▸ What the task requires: For the listing that follows, give again exactly the lines from the one with "Ein Edwardian Gilt-Bronze" to the one with "Девушка сидит за", including both.

▸ Data provided:
BEGIN

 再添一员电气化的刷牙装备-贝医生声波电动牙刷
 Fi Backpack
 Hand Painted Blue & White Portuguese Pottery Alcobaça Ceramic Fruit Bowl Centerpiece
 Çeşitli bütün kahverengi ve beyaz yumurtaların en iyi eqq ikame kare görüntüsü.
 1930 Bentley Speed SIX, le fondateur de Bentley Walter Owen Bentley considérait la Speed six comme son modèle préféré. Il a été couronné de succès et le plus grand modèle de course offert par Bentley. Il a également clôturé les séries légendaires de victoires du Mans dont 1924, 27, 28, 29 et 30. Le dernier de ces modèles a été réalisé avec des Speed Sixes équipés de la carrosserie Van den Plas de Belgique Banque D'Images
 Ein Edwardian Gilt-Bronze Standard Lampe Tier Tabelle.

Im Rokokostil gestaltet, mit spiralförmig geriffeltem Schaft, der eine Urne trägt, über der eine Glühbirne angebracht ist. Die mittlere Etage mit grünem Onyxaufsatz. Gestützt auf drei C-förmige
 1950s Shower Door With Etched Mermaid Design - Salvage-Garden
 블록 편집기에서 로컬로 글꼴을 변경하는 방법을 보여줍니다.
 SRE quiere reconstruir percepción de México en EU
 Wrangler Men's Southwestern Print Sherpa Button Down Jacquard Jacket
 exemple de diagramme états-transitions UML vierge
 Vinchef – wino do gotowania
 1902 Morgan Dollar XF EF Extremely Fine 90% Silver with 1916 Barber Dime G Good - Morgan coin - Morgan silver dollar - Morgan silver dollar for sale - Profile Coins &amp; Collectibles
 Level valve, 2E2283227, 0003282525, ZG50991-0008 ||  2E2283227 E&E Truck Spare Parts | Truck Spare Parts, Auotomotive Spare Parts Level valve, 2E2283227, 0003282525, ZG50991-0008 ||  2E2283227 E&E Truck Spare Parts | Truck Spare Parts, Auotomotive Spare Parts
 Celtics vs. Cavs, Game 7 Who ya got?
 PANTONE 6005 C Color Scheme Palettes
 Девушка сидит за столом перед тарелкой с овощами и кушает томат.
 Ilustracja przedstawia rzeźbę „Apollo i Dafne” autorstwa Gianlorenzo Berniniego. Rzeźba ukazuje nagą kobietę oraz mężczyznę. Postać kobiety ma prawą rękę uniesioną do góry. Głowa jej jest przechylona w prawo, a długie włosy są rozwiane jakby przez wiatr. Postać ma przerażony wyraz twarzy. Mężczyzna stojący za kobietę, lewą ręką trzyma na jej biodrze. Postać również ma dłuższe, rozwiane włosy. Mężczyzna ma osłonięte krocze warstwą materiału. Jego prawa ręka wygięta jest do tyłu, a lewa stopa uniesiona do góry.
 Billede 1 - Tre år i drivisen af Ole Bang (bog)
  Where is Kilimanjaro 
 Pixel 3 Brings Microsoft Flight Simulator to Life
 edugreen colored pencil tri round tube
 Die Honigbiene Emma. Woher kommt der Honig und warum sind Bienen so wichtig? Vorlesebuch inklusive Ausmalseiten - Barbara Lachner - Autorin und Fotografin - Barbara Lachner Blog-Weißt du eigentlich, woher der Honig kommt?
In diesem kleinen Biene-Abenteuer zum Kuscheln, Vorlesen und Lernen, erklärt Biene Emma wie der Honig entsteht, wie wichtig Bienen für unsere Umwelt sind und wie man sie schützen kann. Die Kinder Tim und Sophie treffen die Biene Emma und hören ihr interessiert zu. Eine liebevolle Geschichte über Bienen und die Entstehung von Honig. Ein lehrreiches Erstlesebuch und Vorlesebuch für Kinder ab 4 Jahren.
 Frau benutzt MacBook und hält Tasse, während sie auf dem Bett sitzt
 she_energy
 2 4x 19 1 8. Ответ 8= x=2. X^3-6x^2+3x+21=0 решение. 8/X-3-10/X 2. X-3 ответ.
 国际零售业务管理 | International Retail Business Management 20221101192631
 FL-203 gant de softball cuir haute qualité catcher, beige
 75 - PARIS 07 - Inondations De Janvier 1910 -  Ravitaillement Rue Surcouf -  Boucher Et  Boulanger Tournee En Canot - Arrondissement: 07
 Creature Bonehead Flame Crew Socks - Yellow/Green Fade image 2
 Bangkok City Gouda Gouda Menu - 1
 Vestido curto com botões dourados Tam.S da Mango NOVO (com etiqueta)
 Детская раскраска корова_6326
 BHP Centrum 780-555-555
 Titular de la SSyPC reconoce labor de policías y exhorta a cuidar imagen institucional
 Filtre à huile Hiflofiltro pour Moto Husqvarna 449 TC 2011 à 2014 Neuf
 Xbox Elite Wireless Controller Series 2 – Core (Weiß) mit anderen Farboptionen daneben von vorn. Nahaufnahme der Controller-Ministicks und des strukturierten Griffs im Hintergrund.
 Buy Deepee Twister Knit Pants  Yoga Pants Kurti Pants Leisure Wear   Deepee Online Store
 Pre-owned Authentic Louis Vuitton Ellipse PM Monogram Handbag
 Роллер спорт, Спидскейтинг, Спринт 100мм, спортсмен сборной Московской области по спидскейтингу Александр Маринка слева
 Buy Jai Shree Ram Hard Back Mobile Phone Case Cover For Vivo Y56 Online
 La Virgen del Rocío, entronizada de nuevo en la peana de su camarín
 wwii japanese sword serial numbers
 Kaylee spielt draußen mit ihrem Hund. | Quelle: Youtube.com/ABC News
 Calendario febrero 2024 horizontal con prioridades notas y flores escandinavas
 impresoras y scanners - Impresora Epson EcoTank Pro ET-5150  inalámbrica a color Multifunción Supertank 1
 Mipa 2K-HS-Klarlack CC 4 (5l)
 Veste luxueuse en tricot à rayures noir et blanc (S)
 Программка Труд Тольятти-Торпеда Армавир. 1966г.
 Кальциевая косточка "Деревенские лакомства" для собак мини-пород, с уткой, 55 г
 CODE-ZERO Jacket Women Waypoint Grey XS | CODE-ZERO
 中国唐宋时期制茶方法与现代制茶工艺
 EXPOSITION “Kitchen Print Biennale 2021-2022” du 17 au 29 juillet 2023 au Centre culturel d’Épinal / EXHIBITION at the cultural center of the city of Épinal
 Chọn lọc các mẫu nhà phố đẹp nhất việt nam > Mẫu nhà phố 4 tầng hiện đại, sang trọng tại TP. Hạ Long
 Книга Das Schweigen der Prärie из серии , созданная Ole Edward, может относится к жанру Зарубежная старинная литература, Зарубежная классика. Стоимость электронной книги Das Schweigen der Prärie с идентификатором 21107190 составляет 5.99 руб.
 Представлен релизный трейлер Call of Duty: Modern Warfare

END

▸ Exercise output:
 Ein Edwardian Gilt-Bronze Standard Lampe Tier Tabelle.

Im Rokokostil gestaltet, mit spiralförmig geriffeltem Schaft, der eine Urne trägt, über der eine Glühbirne angebracht ist. Die mittlere Etage mit grünem Onyxaufsatz. Gestützt auf drei C-förmige
 1950s Shower Door With Etched Mermaid Design - Salvage-Garden
 블록 편집기에서 로컬로 글꼴을 변경하는 방법을 보여줍니다.
 SRE quiere reconstruir percepción de México en EU
 Wrangler Men's Southwestern Print Sherpa Button Down Jacquard Jacket
 exemple de diagramme états-transitions UML vierge
 Vinchef – wino do gotowania
 1902 Morgan Dollar XF EF Extremely Fine 90% Silver with 1916 Barber Dime G Good - Morgan coin - Morgan silver dollar - Morgan silver dollar for sale - Profile Coins &amp; Collectibles
 Level valve, 2E2283227, 0003282525, ZG50991-0008 ||  2E2283227 E&E Truck Spare Parts | Truck Spare Parts, Auotomotive Spare Parts Level valve, 2E2283227, 0003282525, ZG50991-0008 ||  2E2283227 E&E Truck Spare Parts | Truck Spare Parts, Auotomotive Spare Parts
 Celtics vs. Cavs, Game 7 Who ya got?
 PANTONE 6005 C Color Scheme Palettes
 Девушка сидит за столом перед тарелкой с овощами и кушает томат.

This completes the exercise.